Can't even use the perfect square identity!

Firstly, observe that if $(x, y)$ is a solution, then obviously $x \geq 0$ and $(x, -y)$ is another solution. For $x=0$ , we get 2 solutions: $(0,2)$ and $(0, -2)$ .

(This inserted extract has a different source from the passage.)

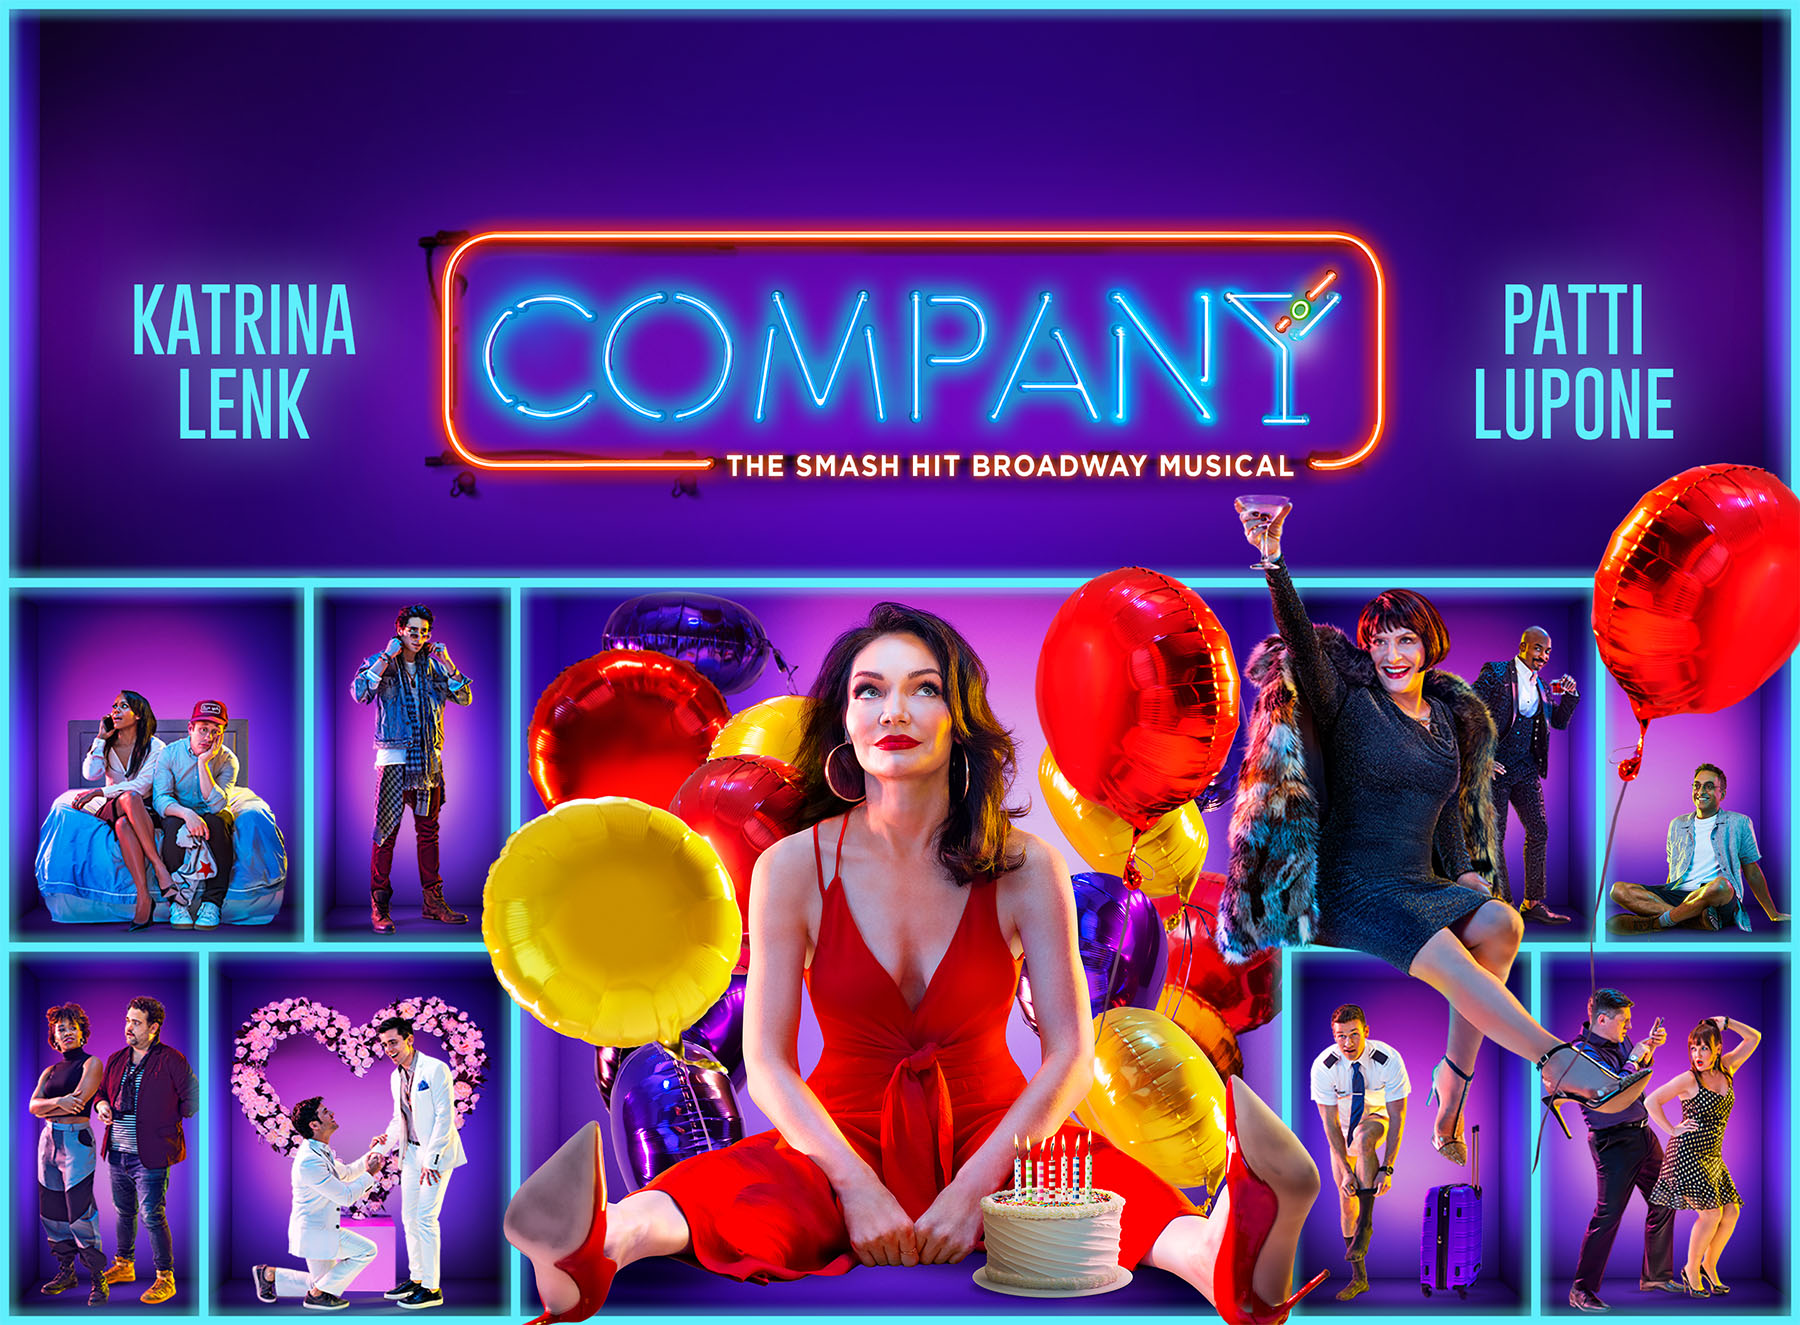 The cast of Broadway's COMPANY, nominated for Tony Award for Best Revival of a Musical at the 75th Annual Tony Awards

WLOG $x>0, y>0$ . Thus, the original statement can be rewritten as

$2^x ( 1+2^{x+1}) = (y-1)(y+1)$

which implies that $y-1$ and $y+1$ are both even, so one of them must be divisible by 4. Hence, $x \geq 3$ , and one of these factors is divisible by $2^{x-1}$ but not $2^x$ . So

$y=2^{x-1}m+\epsilon, \quad m \text{ odd}, \quad \epsilon=\pm 1$

Plugging this into the original equation, we get

$\begin{aligned} 2^x (1+2^{x+1}) &= (2^{x-1}m+\epsilon)^2 - 1\\ &= 2^{2x-2} m^2 + 2^xm\epsilon\\ 1+2^{x+1} &= 2^{x-2} m^2 + m \epsilon\\ 1-m\epsilon &= 2^{x-2} (m^2 - 8) \end{aligned}$

For $\epsilon = 1$ , we get $m^2-8\leq 0$ , so $m=1$ , which doesn't satisfy this equation. If $\epsilon = -1$ , we have

$1+m = 2^{x-2} (m^2 - 8) \geq 2(m^2 - 8)$

which implies $2m^2 - m - 17 \leq 0$ . Hence, $m \leq 3$ . However, we already know $m \neq 1$ . Thus, $m=3$ , so $x=4$ . These values indeed satisfy our equation, and we get $y=\pm 23$ . Therefore, there are 4 solutions: $(0, 2)$ , $(0, -2)$ , $(4, 23)$ and $(4, -23)$ .